Electronic structure regulation of halogen anion-intercalated MgAl-LDH for highly selective photothermal oxidation of CH4

Abstract

The selective oxidation of methane (CH₄) into high value-added chemicals such as CO is one of the important challenges in the C1 chemical industry owing to the high bond energy of CH₄ (434 kJ mol⁻¹). Considering that Mg–O sites are the active sites for CH₄ activation, we report herein the successful fabrication of a series of halogen anion-intercalated MgAl-LDHs and the as-prepared MgAl-x (x = F, Cl, Br, I) have been fully characterized by various spectroscopic studies. When applied for the photothermal oxidation of CH₄, MgAl-F exhibits 86.5% selectivity for CO, while MgAl-I shows only 15.8% selectivity for CO. The O K edge XAS and XPS results show that F⁻ can significantly improve the charge density of the surface O–H bond on the MgAl-LDH laminates.
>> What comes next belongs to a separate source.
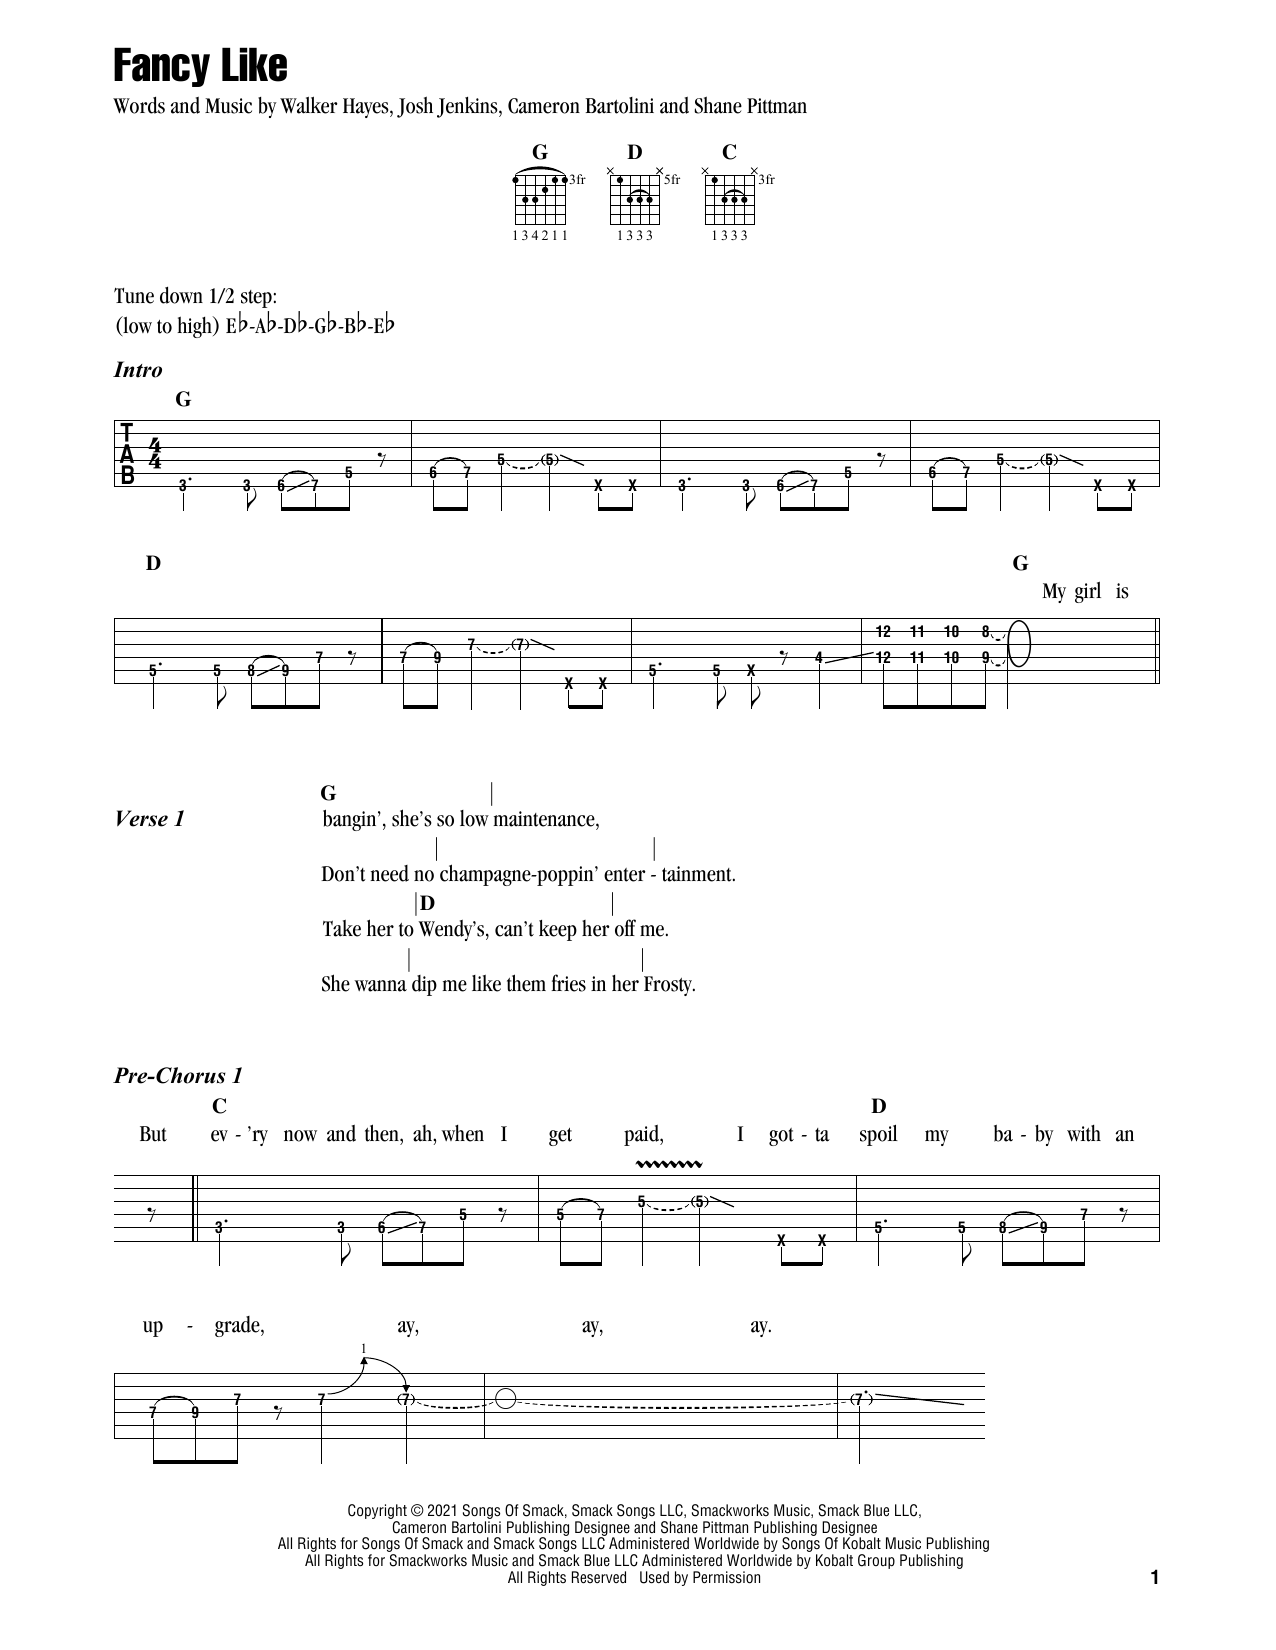 Walker Hayes Fancy Like Sheet Music Notes & Chords for Ukulele - Download or Print PDF

In situ diffuse reflectance-infrared Fourier-transform spectroscopy (DRIFTS) demonstrates that MgAl-F can stabilize *CH₃ and release *CO species during the photooxidation of CH₄, which is favorable for the production of CO. DFT calculations demonstrate such a high selectivity for CO by MgAl-F can be attributed to favorable energy barriers of two key steps (*CH₃ to *CH₂ and *CO to *HOCO).